He got a chuckle out of that but then immediately felt guilty about it, considering poor Keith was still back at the hospital with bandages wrapped around his head. “He is going to be okay, right?”
“One hundred percent. He’s... got good genes.”
Good genes?
His heart sank a little, and he scolded himself for it. If what Gretchen meant was that Keith, for all his prissiness, looked basically like a bronze statue of a Greek god, well, that wasn’t any of Cooper’s business. Maybe the sparring Gretchen and Keith had done was just a barbed form of flirting.
It was enough that Gretchen trusted him.
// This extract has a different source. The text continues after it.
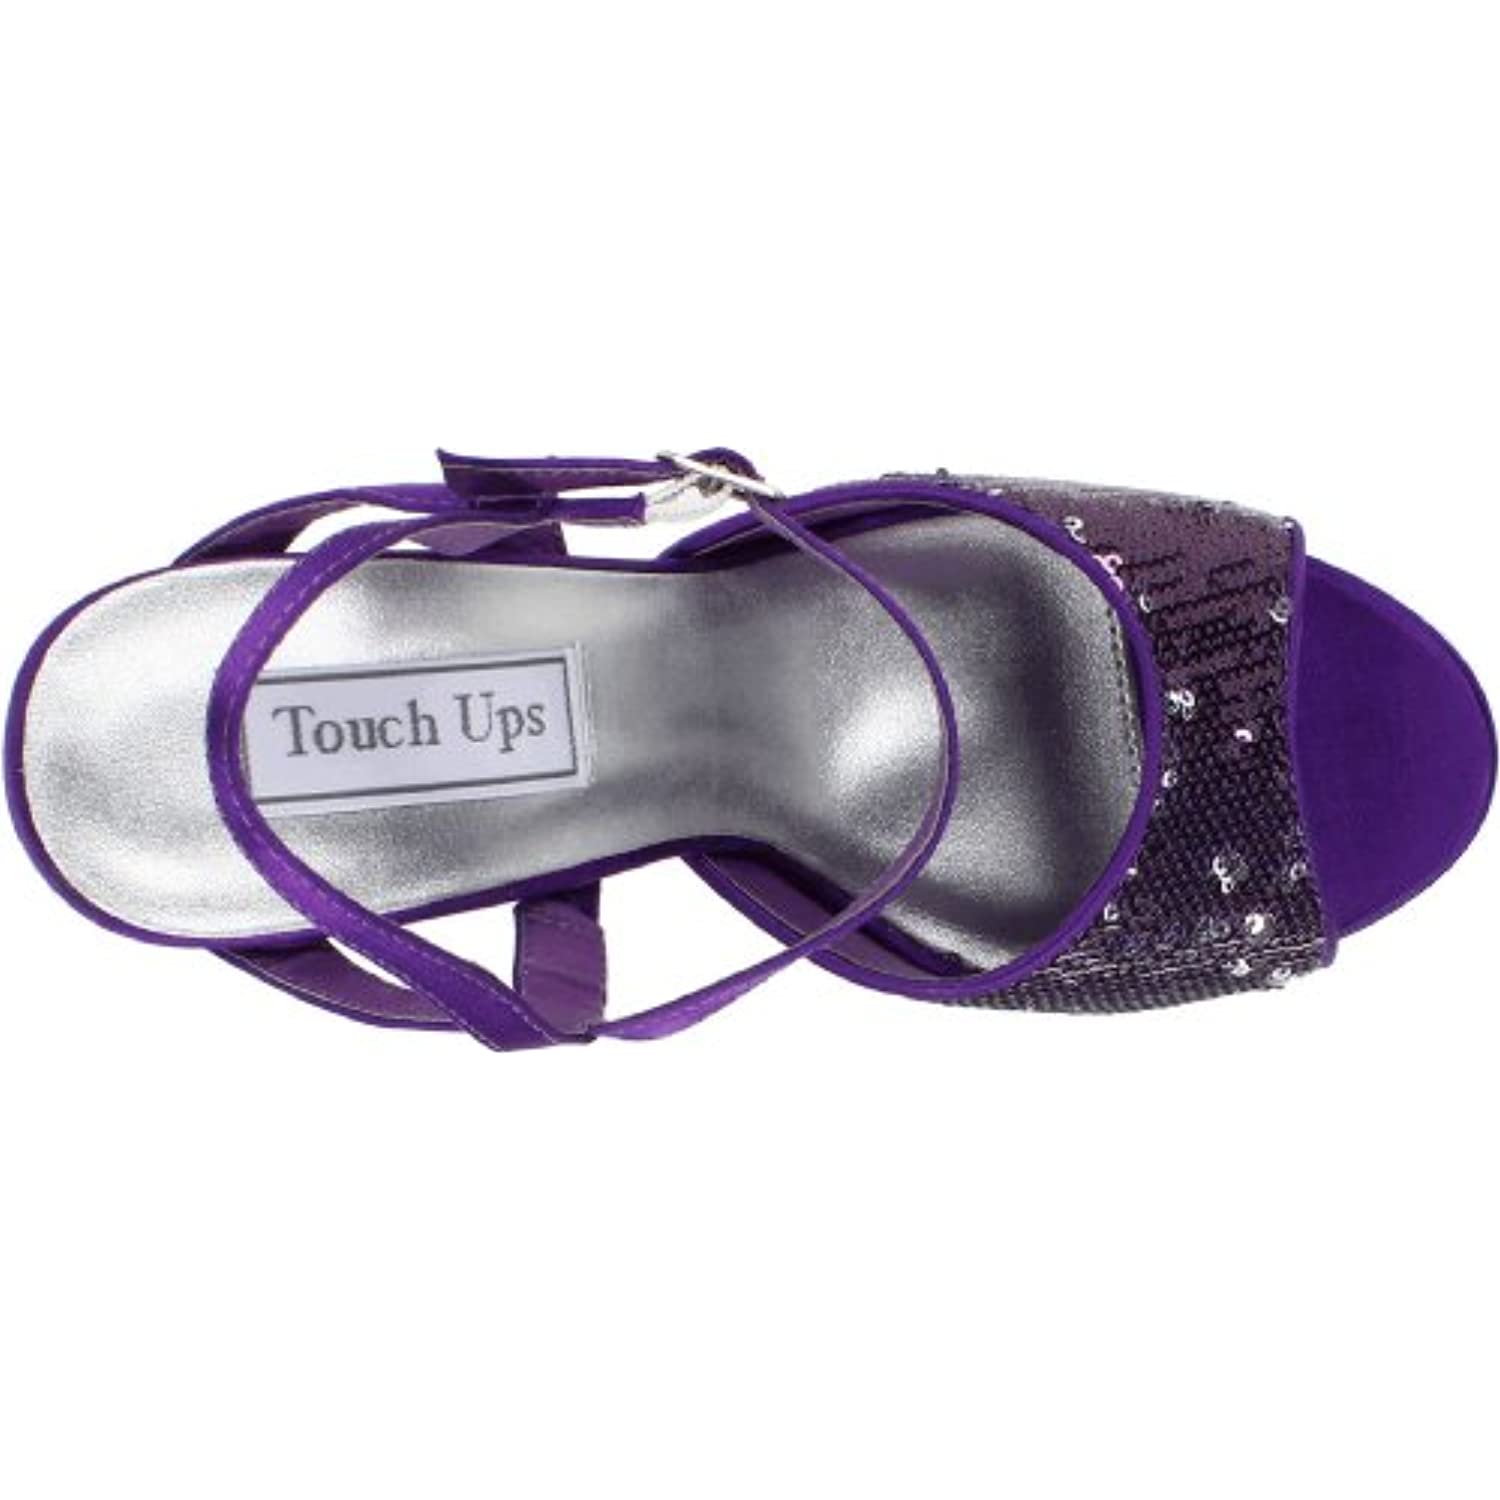 Touch Ups Women's Bev Platform Pump,Purple Sequins,10.5 M US

He couldn’t possibly ask her to feel the same electric charge he’d felt.
She couldn’t possibly fall for him the way he’d fallen for her.
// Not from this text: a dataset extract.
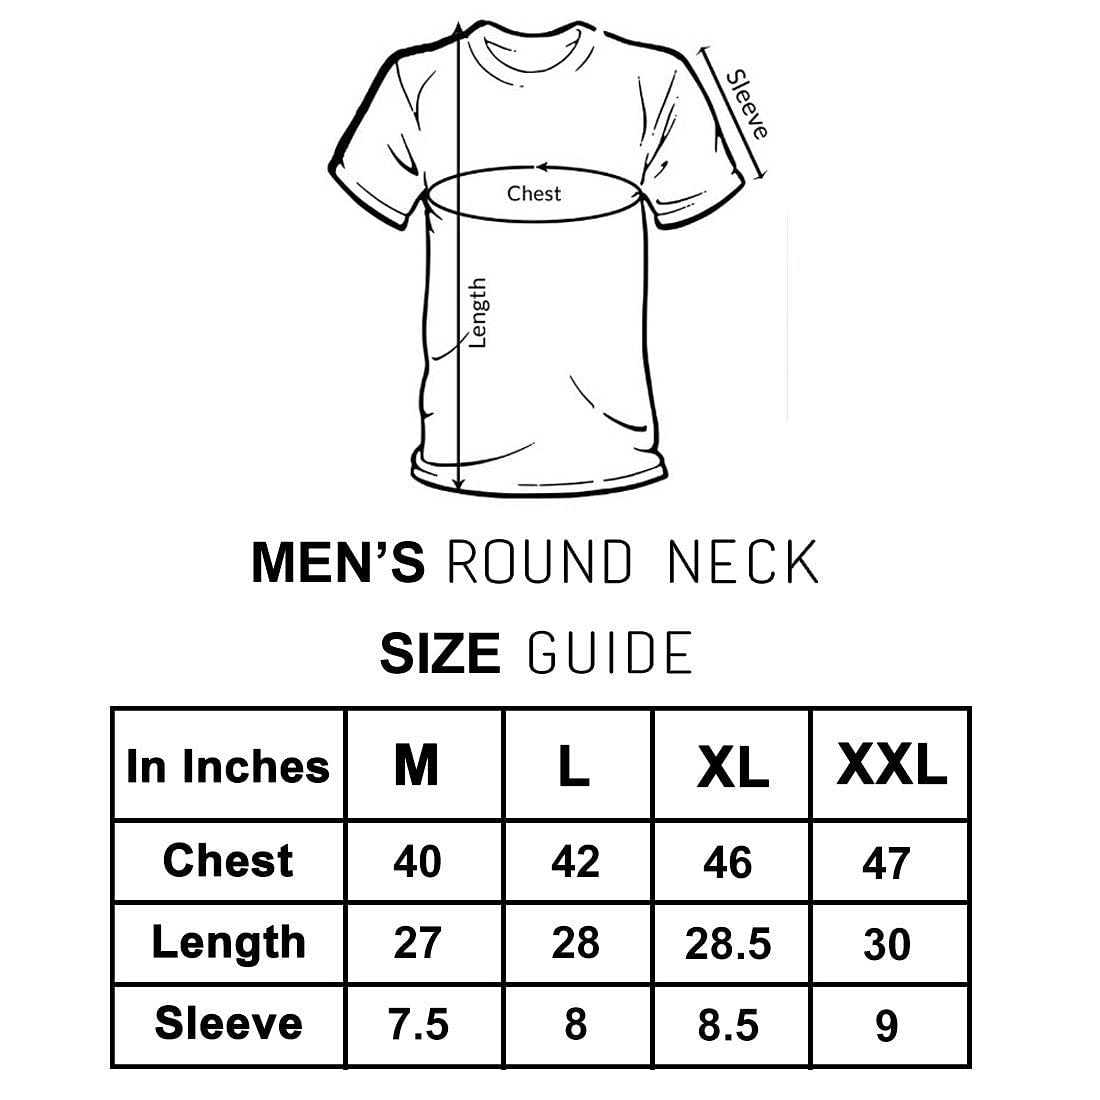 Nutcase Designer Round Neck Men's T-Shirt Wrinkle-Free Poly Cotton Tees - Anti-You Nutcase

“Oh, sure,” he said. He was trying for “upbeat” and had landed more on “squeaky.”
“Are you okay?”
Get a grip, he advised himself.
If Gretchen had feelings for Keith, then Cooper was even more obligated to hope the kid came through all this okay.
He made himself very firmly say, “Good,” before he looked frantically for a change of subject. Luckily, they weren’t short on options. He redirected to a classic: “So, um, who do you think is trying to kill us?”
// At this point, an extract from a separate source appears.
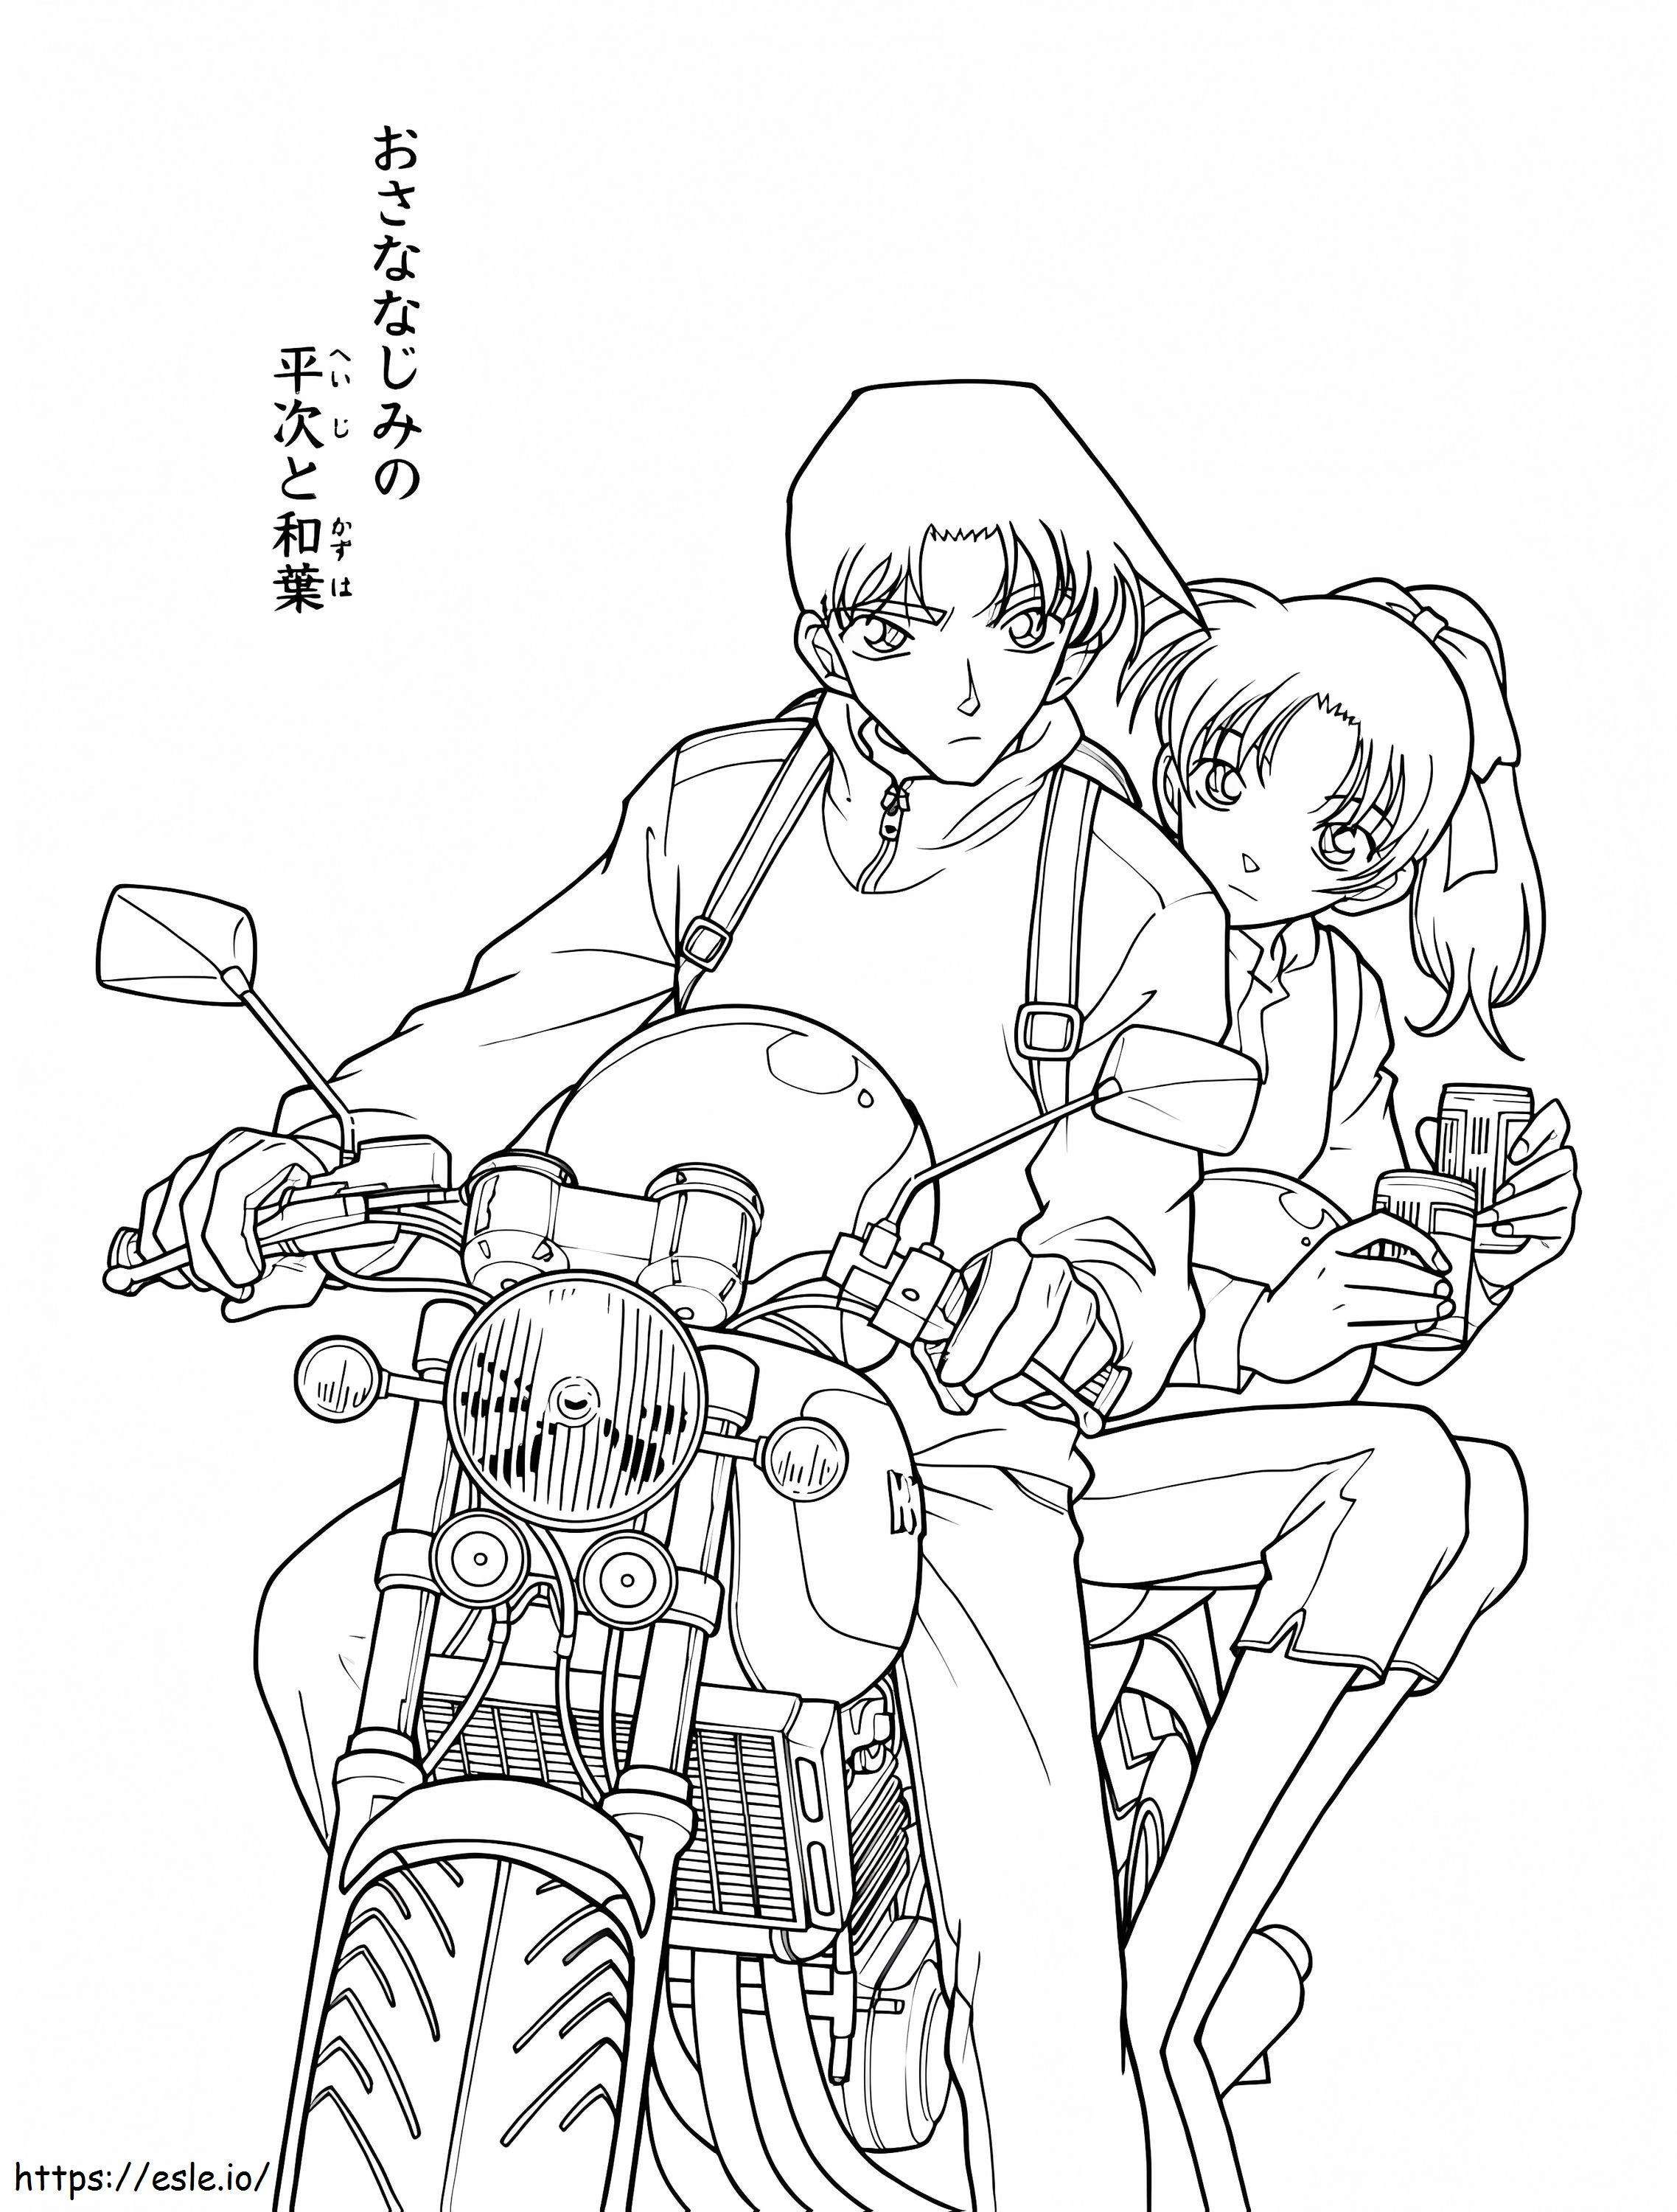 Heiji Hattori ve Kazuha Toyama ve Motocicletas boyama

“Besides my wizards suggestion from earlier?”
“Besides that. I’m keeping it in mind, though.”
“Whoever is trying to kill us is mostly trying to kill you,” Gretchen said, and Cooper could tell by the sound of her voice that she was thinking out loud, trusting him to act as a sounding board. “They had a go at you in Stridmont, and they didn’t give up there. Unless you think that was unrelated. The guard I talked to didn’t seem to have a clue why it had happened, but he didn’t strike me as somebody who wanted to break a sweat trying to figure it out, either.”
He told her everything he remembered about the incident in the exercise yard, but it all boiled down to the fact that it was hard to say for sure. The guy with the shiv had sure seemed like he’d had someone else pulling his strings—and helping him get high as a kite—but drugs could make people paranoid, and Ferret Face might have been seeing conspiracies where they didn’t exist.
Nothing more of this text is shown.